Fig 2 presents the adjusted monthly likelihood of outcomes for the entire study cohort, compared to the month before implementation of universal screening. The monthly likelihood of being screened via the C-SSRS in the 6-months post-implementation ranged from 0.036 (95%CI: 0.036: 0.037) to 0.078 (0.077: 0.079) and via any suicide screen (either C-SSRS or I-9) ranged from 0.010 (0.009: 0.011) to 0.040 (0.039: 0.040). The average adjusted likelihood of receiving the C-SSRS and receiving any suicide screen in the 12 months post-universal screening implementation period compared to the pre-universal screening was 0.0539 (0.0536: 0.0541) and 0.0182 (0.0179: 0.0185), respectively (S2 Table). There were an additional 89,160 Veterans per month being screened for suicide via the C-SSRS and an additional 30,106 Veterans per month being screened via either the C-SSRS or I-9, compared to pre-universal screening (monthly regression coefficients indicating average increase in likelihood of receiving the C-SSRS were multiplied by the size of the cohort, 0.0539x1,654,180 = 89,160; 0.0182x1,654,180 = 30,106).

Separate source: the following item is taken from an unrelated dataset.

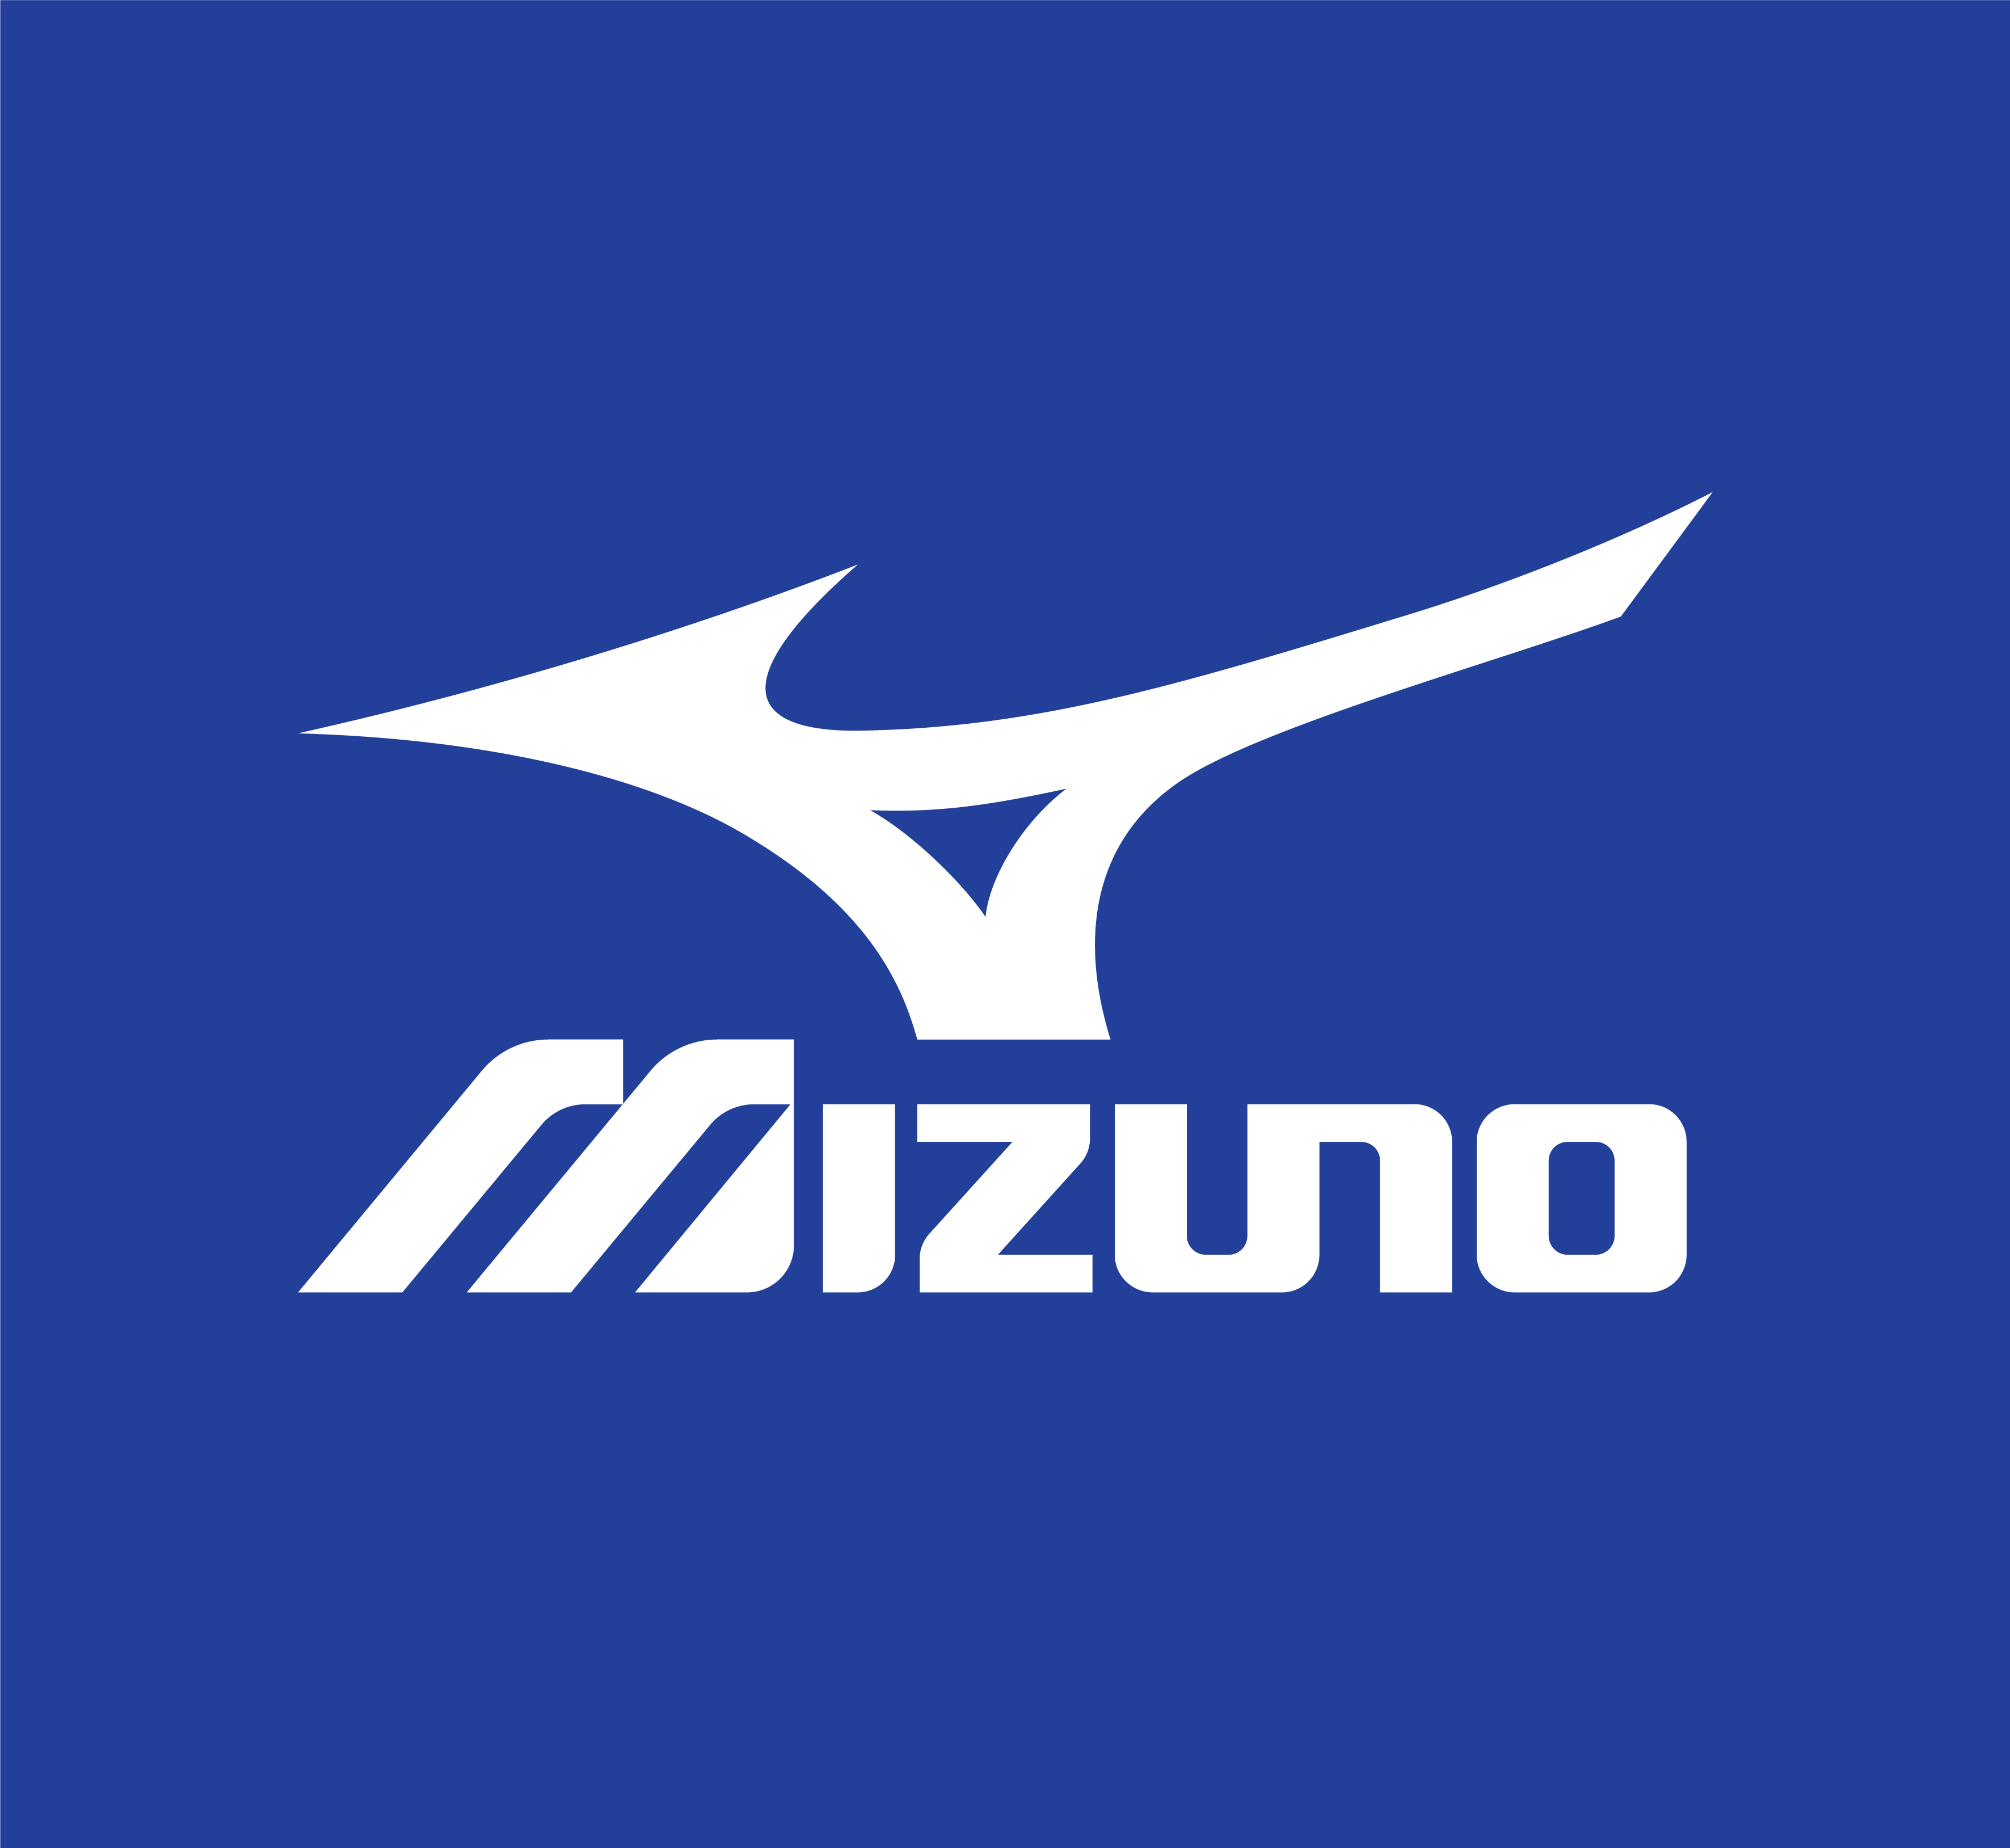 Mizuno Wave Rider 22 Review

Fig 3 presents the model-adjusted monthly likelihood of outcomes for the sub-cohort of rural Veterans and sub-cohort of urban Veterans. The average adjusted difference for rural and urban Veterans’ likelihood of being screened via C-SSRS during the 12-month period post-universal screening implementation was 0.0159/month (0.0153: 0.0166) (S2 Table). This translates to approximately 7,720/month (1.59% of 485,592) additional rural Veterans being screened via the C-SSRS during the year than their urban counterparts.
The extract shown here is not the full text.